In our study, 29 subjects each spent 15–30  min on their judgments. Table 2 shows the aggregated results. According to the number of votes, the users favor query- and \(\chi ^2\)-based labels. However, the situation changes when looking at the number of topics where one approach received the most votes (column “Winner”; for 20 subtopics there was a tie) and where one approach got an absolute majority of at least 6 out of 10 votes (no such majority for 51 topics). Here, the users clearly favor the query-based labels. However, a general critique amongst our users that could also be observed from the votes was the label length. Whenever the query labels are longer than 5 terms (the threshold for the other two approaches), the users often favored the \(\chi ^2\) labels or even the weighted centroid covering.

4.4 Discussion

The traditional automatic evaluation of similarity against the reference labels results in a tie between the query-based and the \(\chi ^2\) labels. But our user study indicates the promising potential of query-based labels since many users favor them and if they do not, the query labels often are almost as popular as the \(\chi ^2\) labels.

5 Conclusion and Outlook

We have presented a solution to the abstract problem of automatically formulating a query that retrieves a given document set. This abstract problem has an interesting use case in the scenario of cluster labeling where the task is to generate good labels for the individual clusters that “tell” the user something about the contained documents. Our idea of using queries as the labels (derived by solving the abstract query formulation problem) has shown promising performance when compared against standard cluster labeling approaches. Using traditional and our newly proposed ESA-based evaluation measure, our query-based cluster labels are on par with the standard methods. A further user study showed a clear tendency that users prefer the idea of queries as cluster labels over the standard methods.

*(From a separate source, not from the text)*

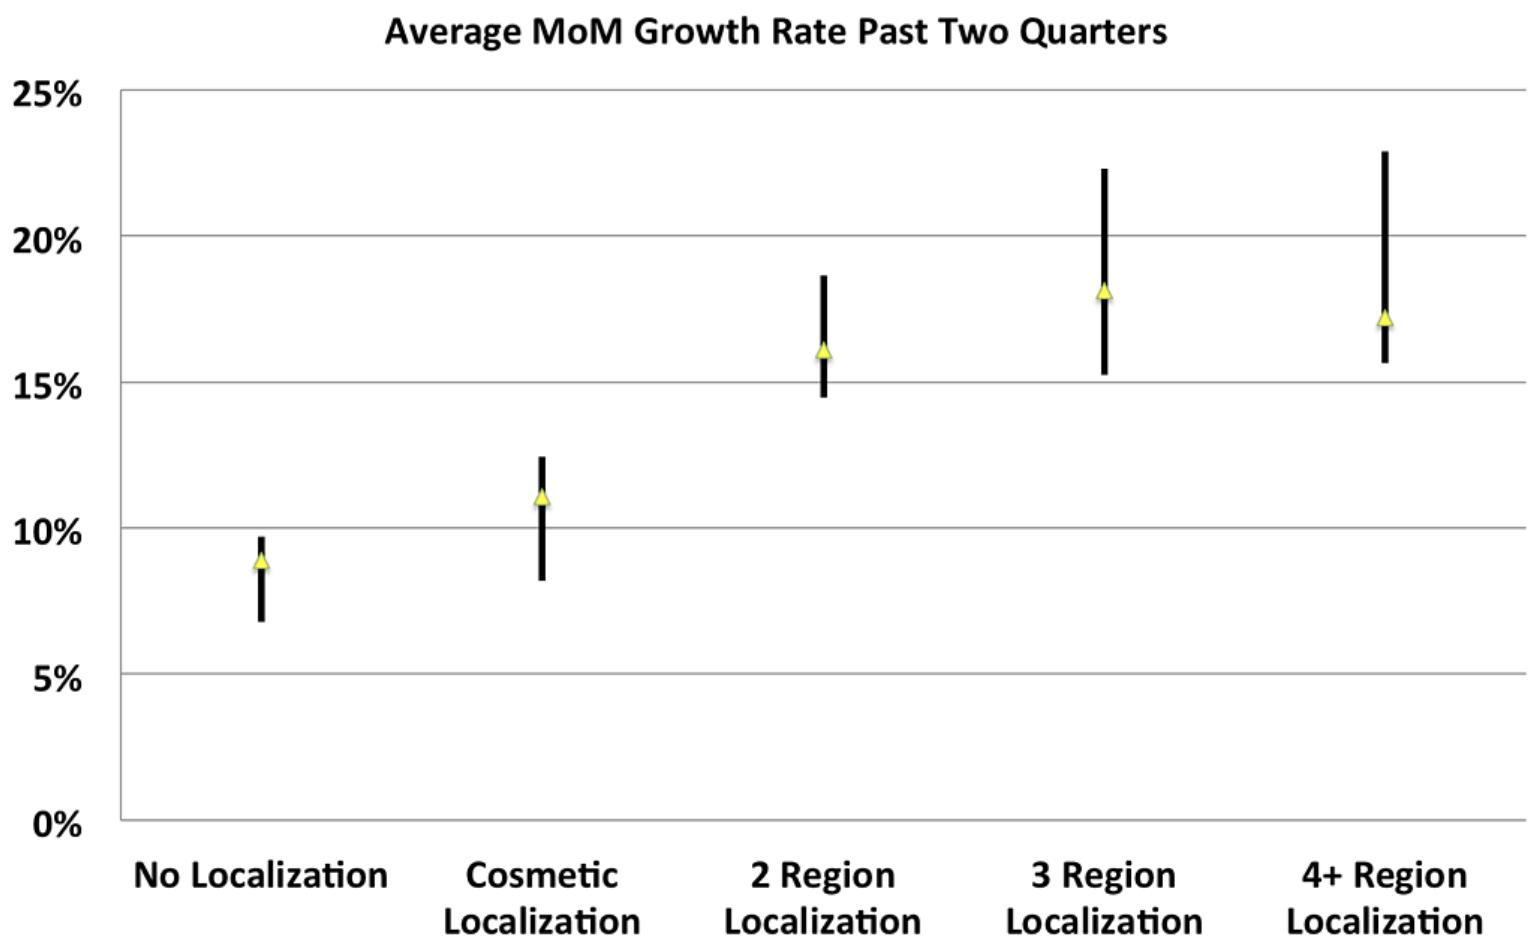 4+ region localization leads to +30% growth

As for future research, the full potential of our query-based cluster labeling idea should be exploited by enhancing the currently used rather basic BM25F retrieval model. Including for instance synonyms and putting more emphasis on keyphrases as the basis queries, we envision an even better quality of queries as cluster labels. It also would be very interesting to examine the usage of queries itself to guide the whole clustering process by for instance using a document’s keyqueries [9] as the clustering features. The queries used for clustering would then directly form appropriate labels at no additional costs.